The title sums up the way that I feel about this last year....specifically with the kids, Presley is now 4 and Trent 2. Presley has just started pre-school and goes on tuesdays and thursdays from 8:30 to 12. Terry takes her to breakfast for a "date" and then I pick her up at noon. While she is at school I focus on time with Trent and honestly I find myself just taking a deep breath....the pace of life is way to fast for my taste.
Trent is a very curious boy, full of emotion! He is over the top funny, but when he does not get his way he will scream at the top of his lungs and throw a huge fit. I really don't get it...I don't give him what he wants when he does this, I am praying that if I remain consistent he will grow out of this. I enjoy the times he cuddles close to me, tells me he loves me and is content because in this season, we don't see much of that. However, it gets better and better every month.

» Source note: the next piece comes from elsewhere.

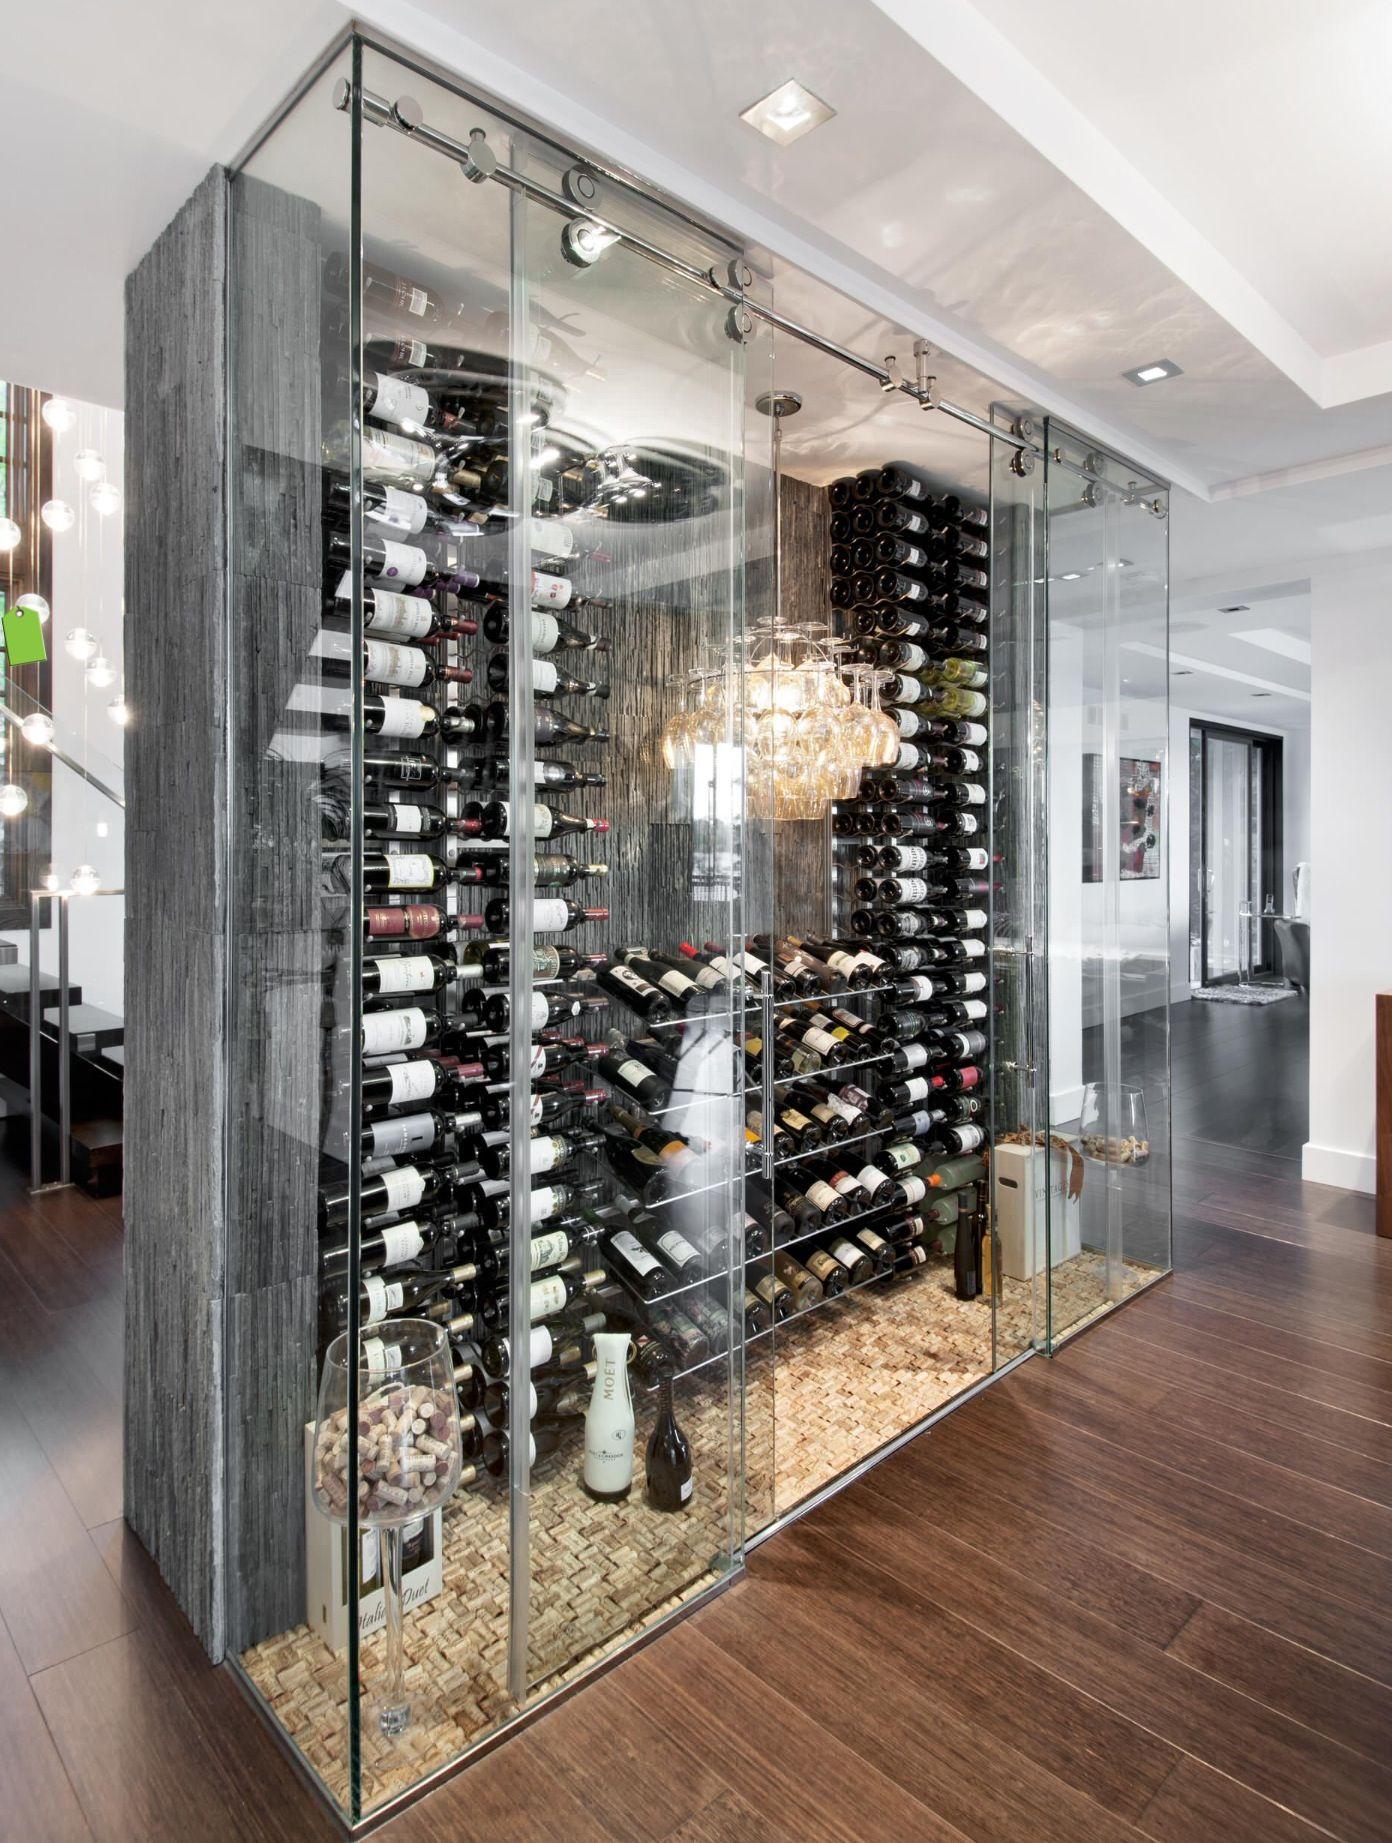 Modern wine storage unit plenty of space for bottles love the sliding glass doors. Modern with a hint of barn. & Modern wine storage unit plenty of space for bottles love the ...

Presley is adorable. She is strong, knows what she wants, wishes she could get everyone to go along with what she wants. She loves strong and hard with commitment and loyalty...like her daddy. I see the man I married in her every day and I love that.
I often feel so inadequate in mothering these precious kids. Daily missing the mark. I could do much better.
I really want to start blogging again...for the same reason I began in may of 2007...not to become a blog anyone reads actually-but to simply journal my life. Journal what it's like to be Kathleen Lu...Daughter of Jessie and Sid, wife to Terry, mother to Presley and Trent and how I am making my mark here for my creator (and how I'm not).